◆ **HOW TO COMPLETE THIS TASK**
Would you repeat the listing below exactly, with no pictures in it?

◆ **INFORMATION PROVIDED**
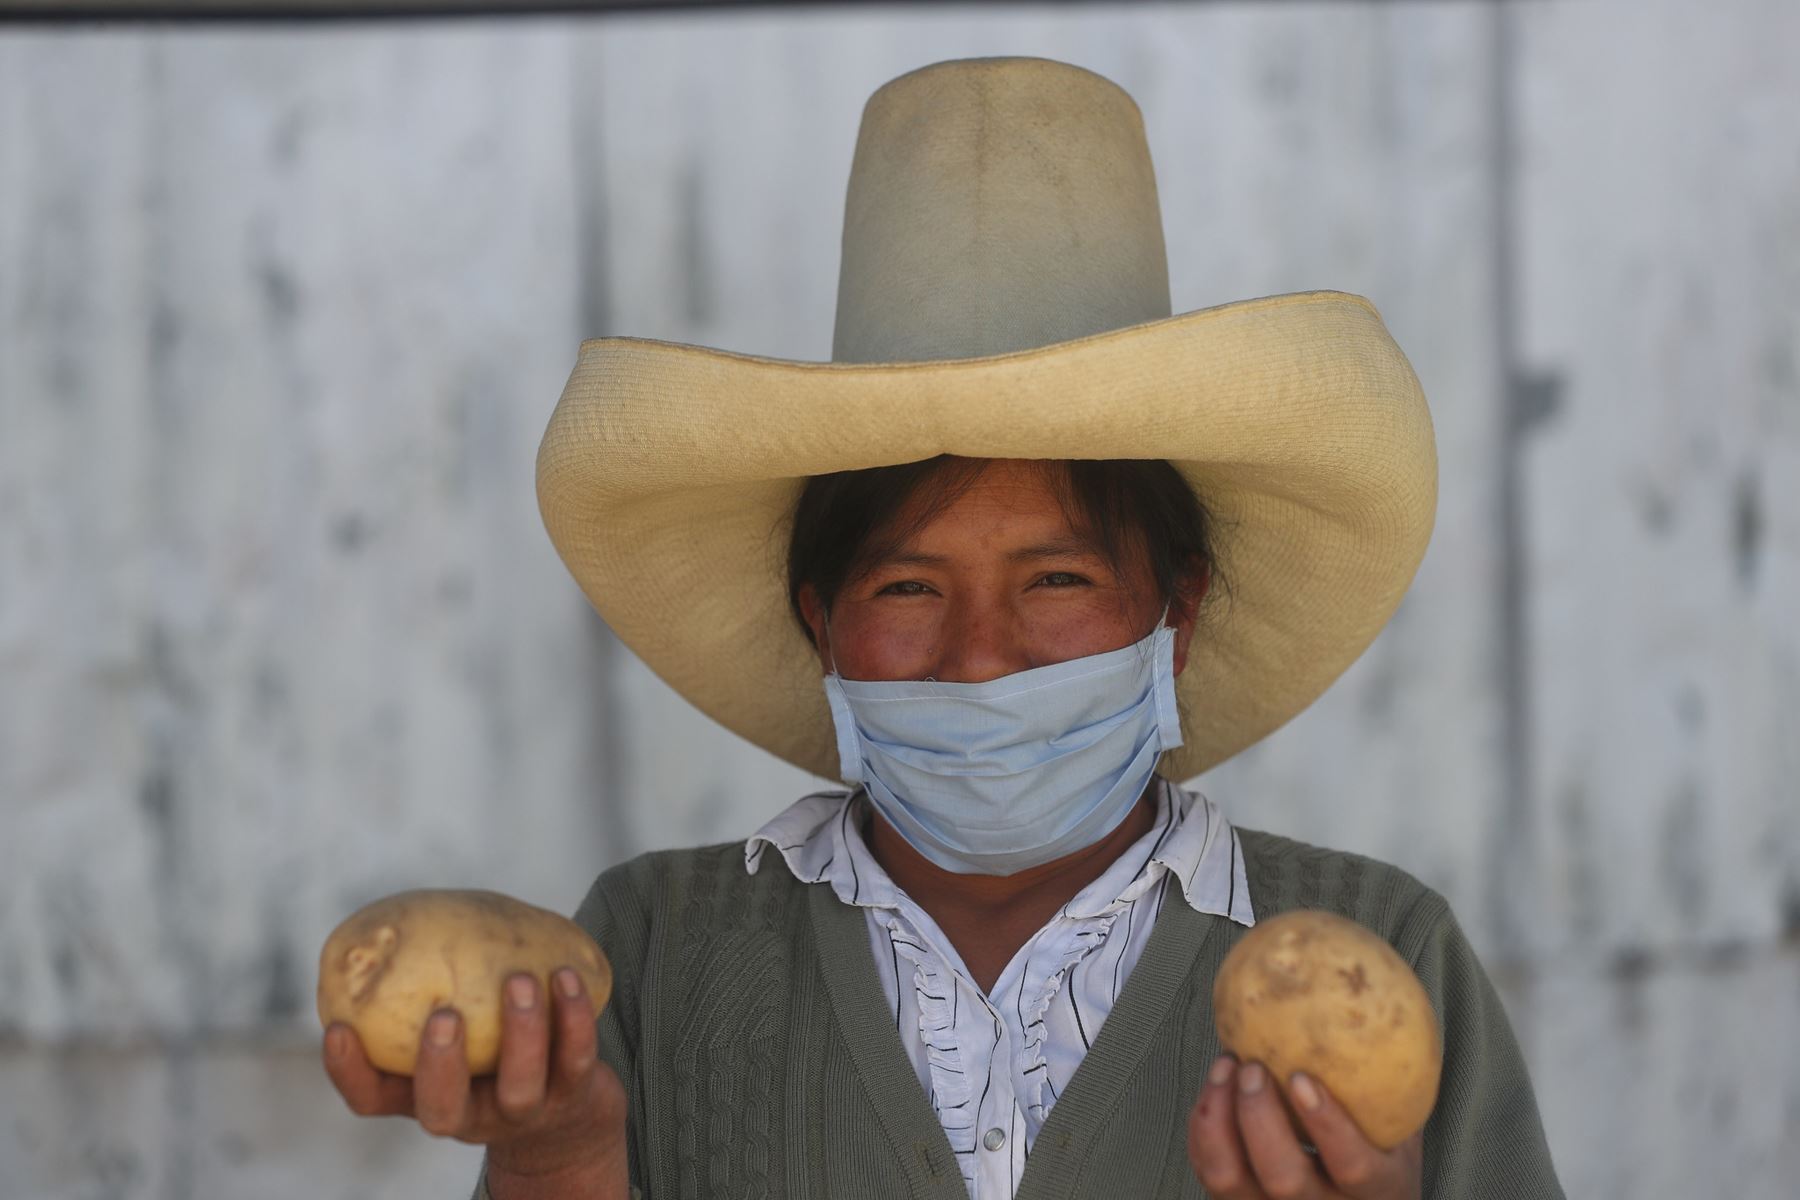 Con todas las medidas de bioseguridad para evitar la propagación del COVID-19, 130 productores agrícolas y ganaderos ofertarán sus productos en el nuevo Mercado de Productores Agropecuarios de Cajamarca. La población podrá llevar los alimentos del campo directamente a su hogar. Foto: ANDINA/PCM
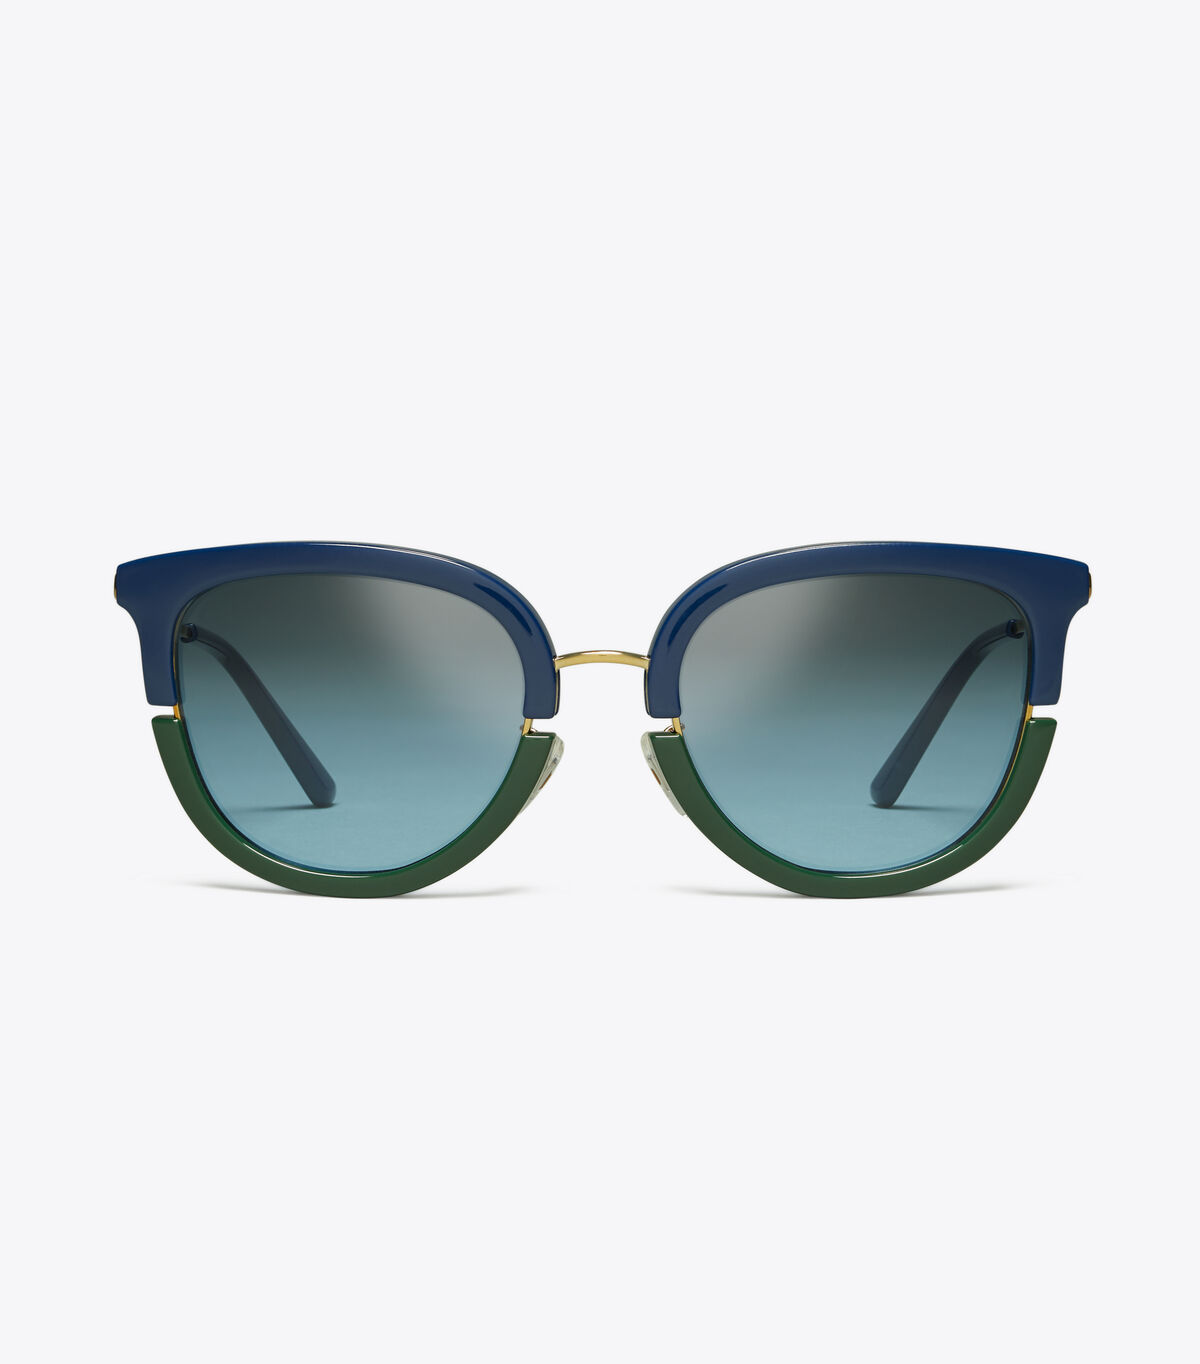 نظارات شمسية كولور بلوك فانتوس / 141 / نظارات شمسية
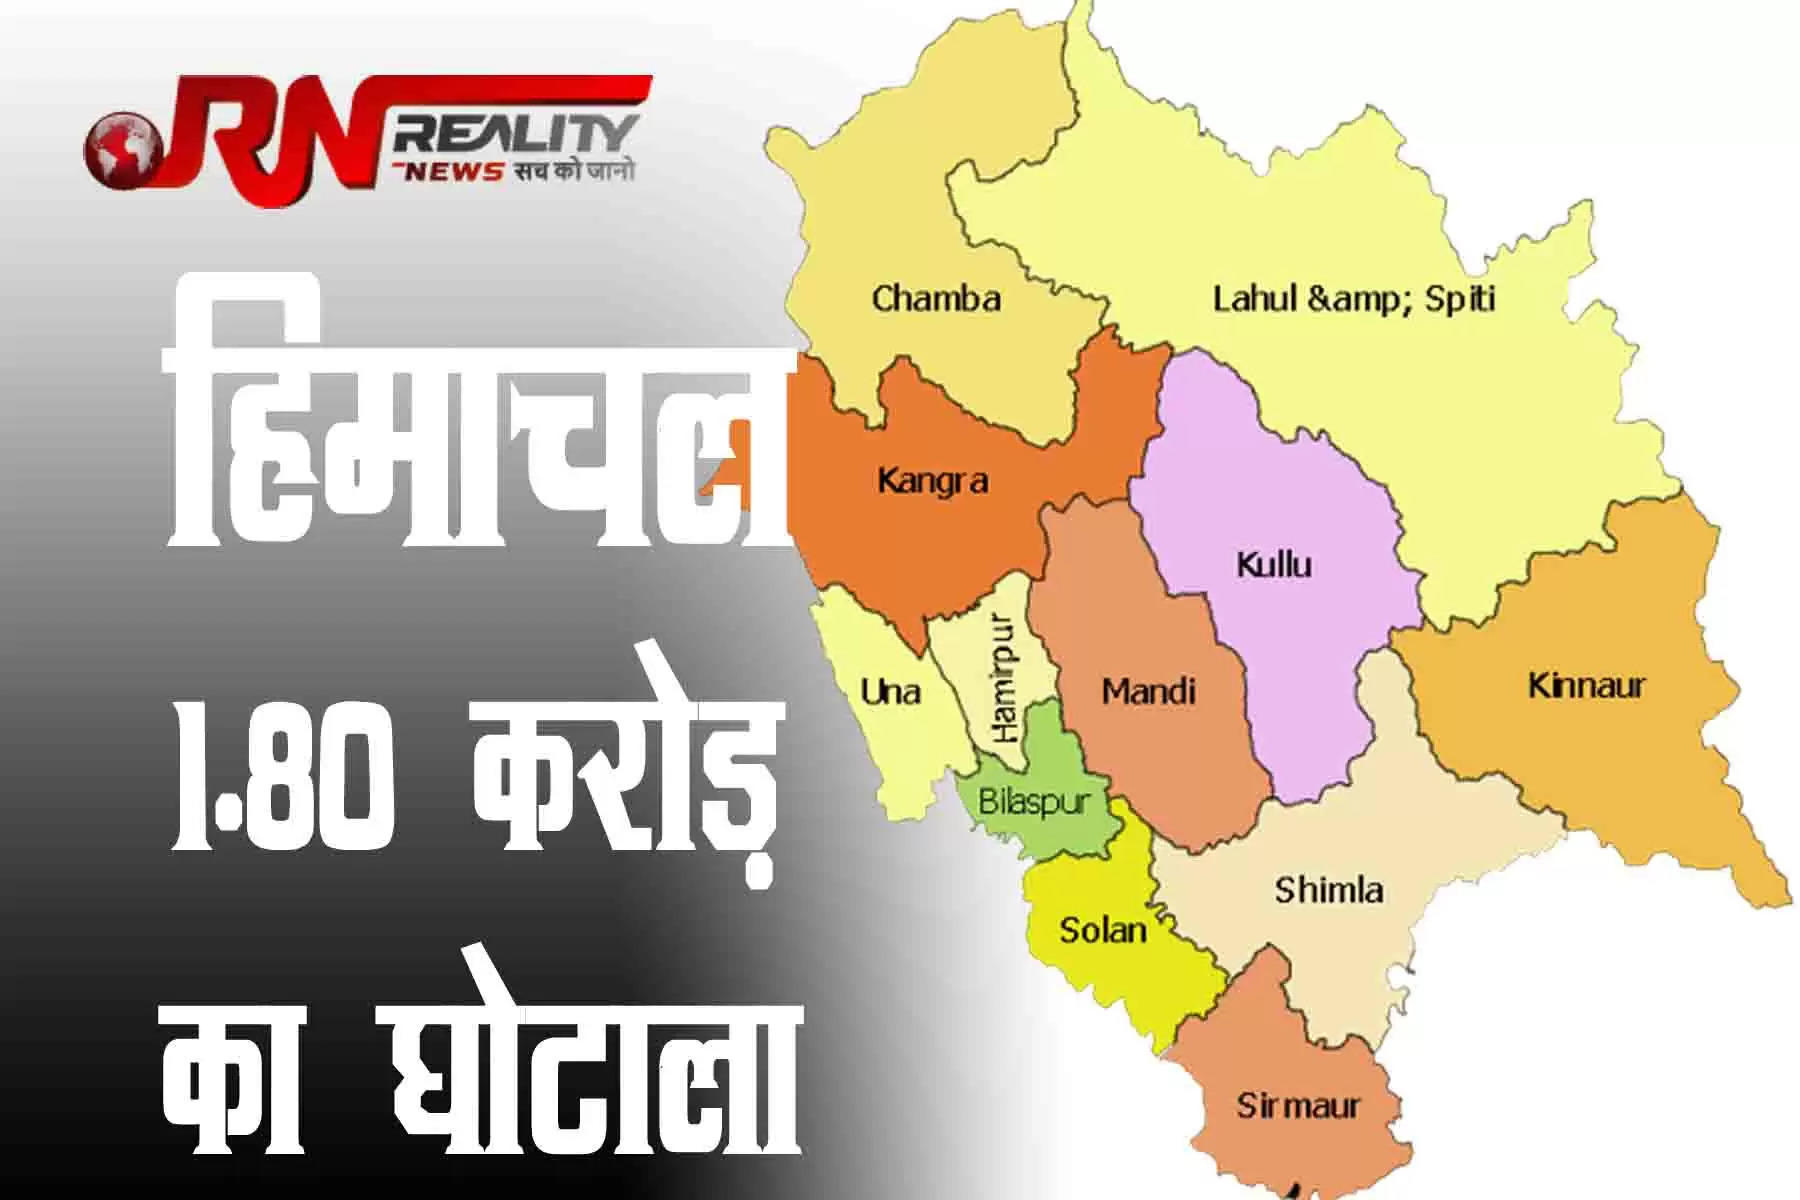 देवभूमि हिमाचल प्रदेश में इसी साल के अंत में विधानसभा चुनाव होने हैं। और चुनावों से ठीक पहले हिमाचल प्रदेश में भ्रष्टाचार के दो बड़े मामले सामने आए हैं। हिमाचल प्रदेश में 55 लाख रुपये का सीमेंट बिक्री का घोटाला हुआ है, जबकि हिमफेड के पेट्रोल पंप में भी करीब 1.30 करोड़ रुपये के घोटाले का मामला सामने आया है। छह अप्रैल का भाजपा के स्थापना दिवस पर भाजपा प्रदेशाध्यक्ष सुरेश कश्यप ने दावा किया था कि हिमाचल भ्रष्टाचार से मुक्त है।
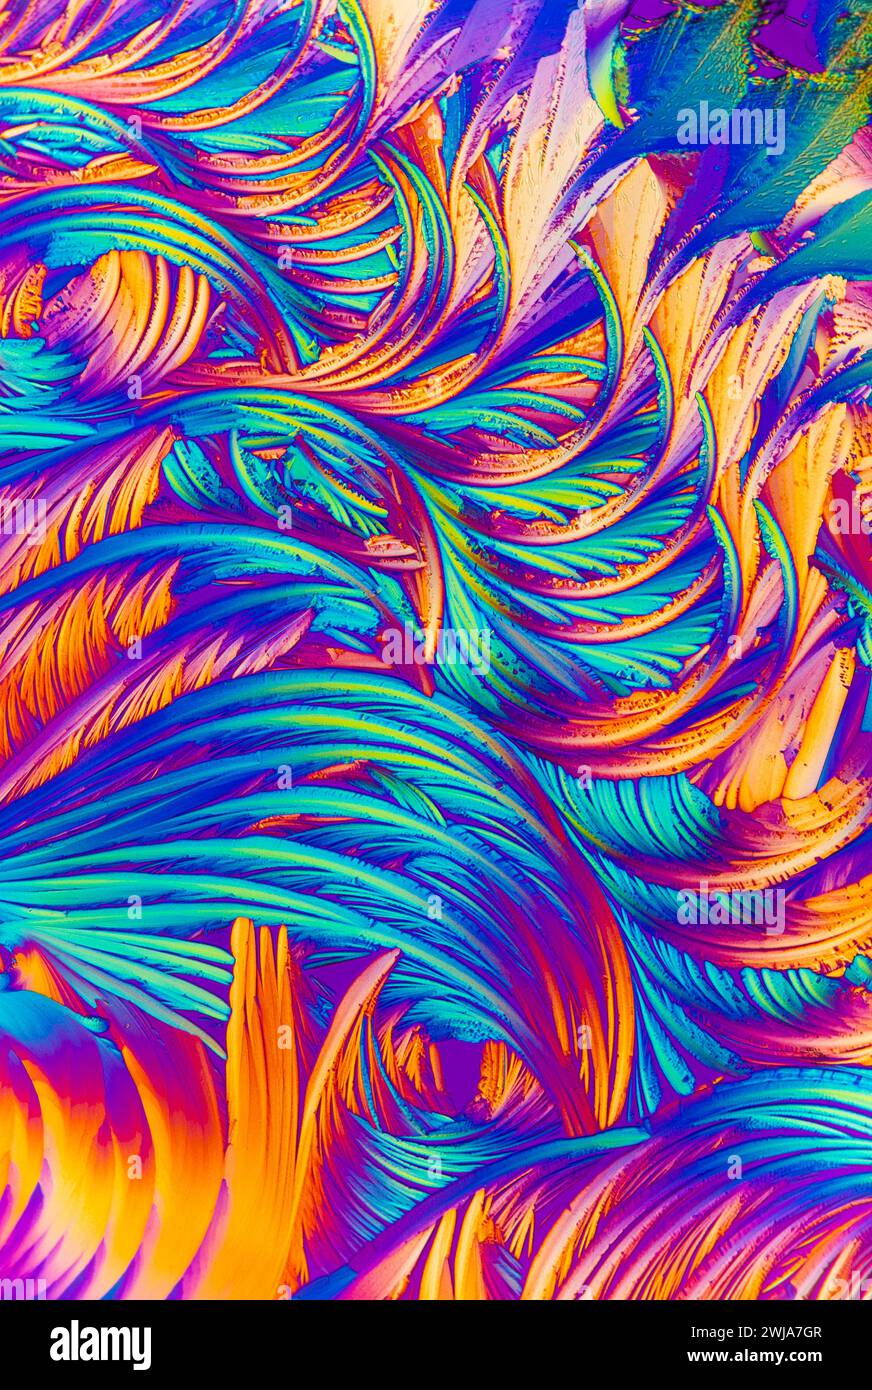 Une vue microscopique rapprochée de cristaux d'acide salicylique montrant un tourbillon fascinant de plumes dans des teintes bleu vif, violet et orange Banque D'Images

◆ **ANSWER FOR THIS EXERCISE**
 Con todas las medidas de bioseguridad para evitar la propagación del COVID-19, 130 productores agrícolas y ganaderos ofertarán sus productos en el nuevo Mercado de Productores Agropecuarios de Cajamarca. La población podrá llevar los alimentos del campo directamente a su hogar. Foto: ANDINA/PCM
 نظارات شمسية كولور بلوك فانتوس / 141 / نظارات شمسية
 देवभूमि हिमाचल प्रदेश में इसी साल के अंत में विधानसभा चुनाव होने हैं। और चुनावों से ठीक पहले हिमाचल प्रदेश में भ्रष्टाचार के दो बड़े मामले सामने आए हैं। हिमाचल प्रदेश में 55 लाख रुपये का सीमेंट बिक्री का घोटाला हुआ है, जबकि हिमफेड के पेट्रोल पंप में भी करीब 1.30 करोड़ रुपये के घोटाले का मामला सामने आया है। छह अप्रैल का भाजपा के स्थापना दिवस पर भाजपा प्रदेशाध्यक्ष सुरेश कश्यप ने दावा किया था कि हिमाचल भ्रष्टाचार से मुक्त है।
 Une vue microscopique rapprochée de cristaux d'acide salicylique montrant un tourbillon fascinant de plumes dans des teintes bleu vif, violet et orange Banque D'Images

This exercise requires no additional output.